Ils voulaient. Elle prépara des œufs avec du bacon, fit du café pas trop fort pour pouvoir dormir ensuite. Elle apportait l’immense plat sur la table lorsque le téléphone sonna. Mel décrocha et n’interrompit son correspondant que très rarement.
— Merci, dit-il.
Lorsqu’il revint il paraissait songeur.
— Qu’y a-t-il ?
— Un informateur me signale la présence d’une bande de types qui ne sont pas du quartier.
— Des Noirs ?
— Bien sûr, mais élégants et au teint très sombre.
Sans s’émouvoir Diana commençait à partager les œufs et le jambon.
— Des Africains ? demanda-t-elle.
— Il semble.
— Nombreux ?
— Au moins quatre. Et on a vu Petrus Lindson avec eux.
Elle posa la fourchette sur ses œufs et se versa un grand bol de café qu’elle buvait sans sucre. Ils comprirent que le nom de Petrus Lindson mêlé à cette affaire l’inquiétait.
— Il avait disparu depuis plusieurs années. En 1970, il avait essayé de soulever de nouveau le quartier mais les gens se méfiaient de lui, dit-elle. Il a appartenu à diverses formations et on l’a souvent considéré comme un mouchard et un indicateur.
— Exact, dit Moron. Il a même failli se faire descendre par les Blacks Muslims mais il a réussi à sauver sa peau je ne sais comment. Le personnage est douteux. En même temps c’est un provocateur né. Durant les émeutes de 65 on le voyait partout. Il a fait du bon travail. Du trop bon travail même. On affirme qu’il s’est rempli les poches dans certaines boutiques pillées. Il allait directement à la caisse lui, pas vers les boîtes de lait ou les paquets de biscuits.

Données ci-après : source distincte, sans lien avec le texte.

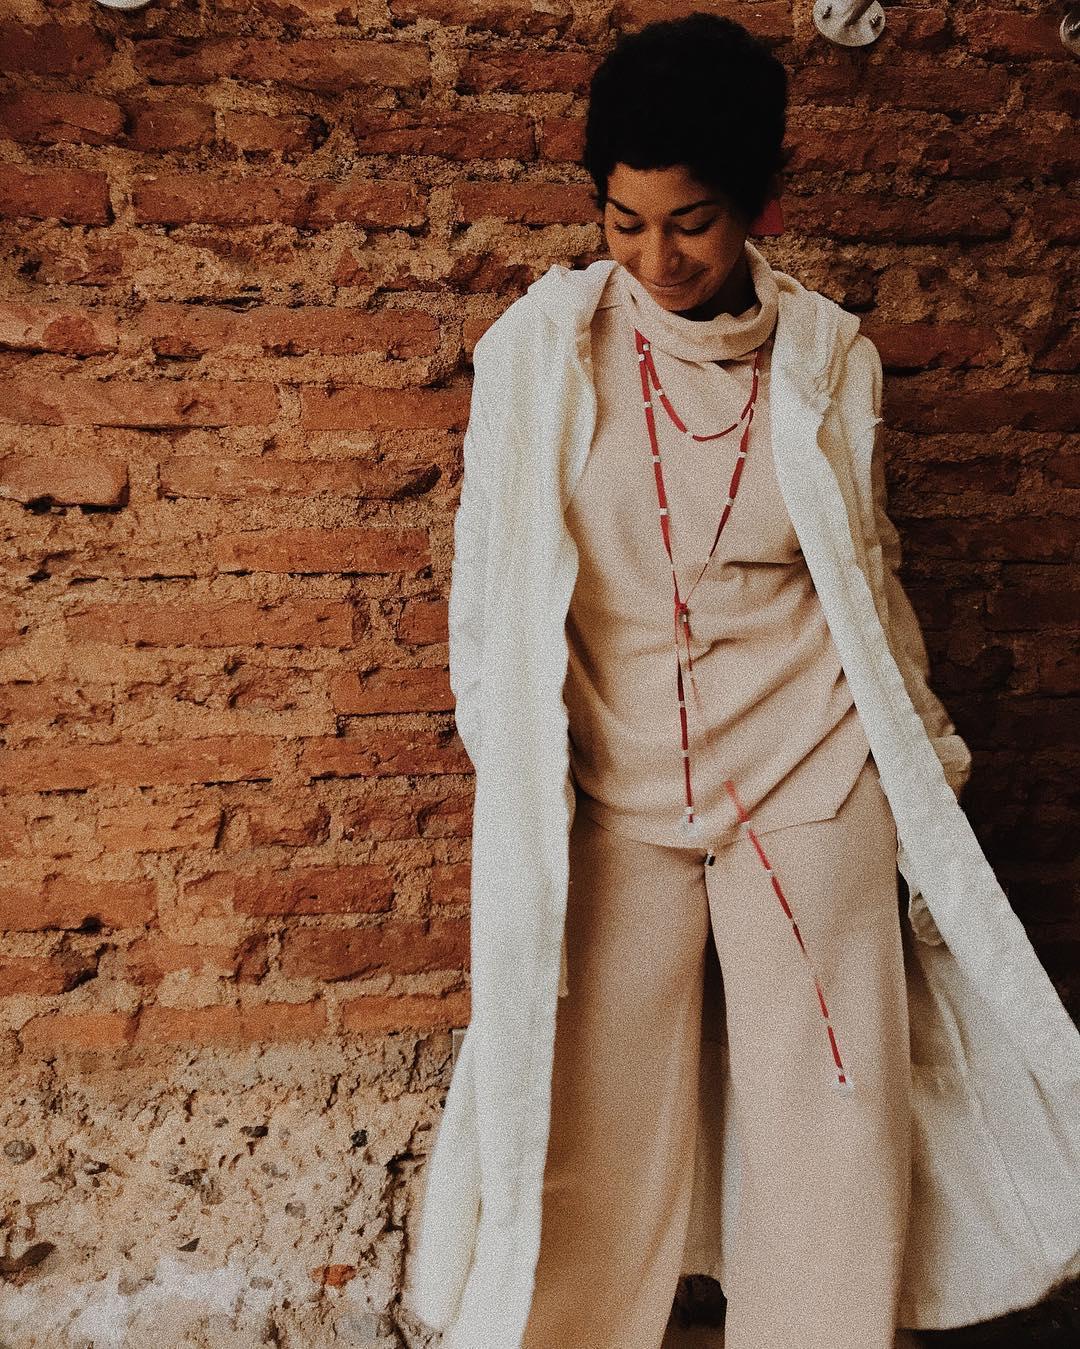 Tenida de beatle y pantalón beige con abrigo blanco y collar rojo de Mercado Moderno Valparaíso

Ils mangèrent en silence puis allumèrent des cigarettes.
— Faudrait peut-être le retrouver, dit Mel Santos.
Moron hocha la tête, se tourna vers ses hommes :
— Personne n’a de tuyaux ?
— On pourra en savoir plus long demain matin, dit l’un d’eux. Maintenant il serait peut-être malsain d’aller faire des recherches.
— Tu as raison, dit Moron. Mais je suis curieux de savoir qui sont ces types. Normalement, s’il s’agit d’une délégation d’un pays africain, ils auraient dû chercher à te rencontrer.
Il se tournait vers Diana Jellis.
— Pas forcément, fit-elle en tirant sur sa cigarette la tête un peu penchée.
— En ce moment tu es le centre d’intérêt de Los Angeles et des U.S.A. pour toute la population noire.
C’était si vrai qu’elle devait se rendre à New York à l’O.N.U. pour rencontrer chaque mois les délégués des pays africains et des pays d’Asie, mais ces derniers venaient rarement dans les ghettos noirs voir comment vivaient leurs frères de race.
— Il s’agit peut-être de gangsters, dit Moron. J’ai entendu parler qu’une organisation noire parallèle à la Maffia s’était constituée sur la côte Est. Possible qu’ils essayent de s’étendre dans le coin.
— De toute façon il faudra veiller au grain, dit Mel Santos. On ne va pas laisser ces gars s’installer dans le coin.
Il vida sa tasse de café, se leva.
— Maintenant on va aller se coucher. Demain nous avons du boulot. Il faut passer à l’imprimerie pour la mise en page du journal. Il y a aussi des tracts à préparer au sujet des deux Noirs assassinés à San Francisco.
— A demain, dit Moron.
CHAPITRE IV
Les Score habitaient un petit pavillon en bois dans un lotissement de Jefferson City, la banlieue ouvrière de Los Angeles. Plusieurs centaines de maisons identiques les entouraient mais les Score s’en moquaient. Nelly s’arrangeait pour rendre leur intérieur agréable et différent. Ils avaient planté des arbres fruitiers sur la pelouse et étaient parvenus à donner un certain cachet à leur petit domaine.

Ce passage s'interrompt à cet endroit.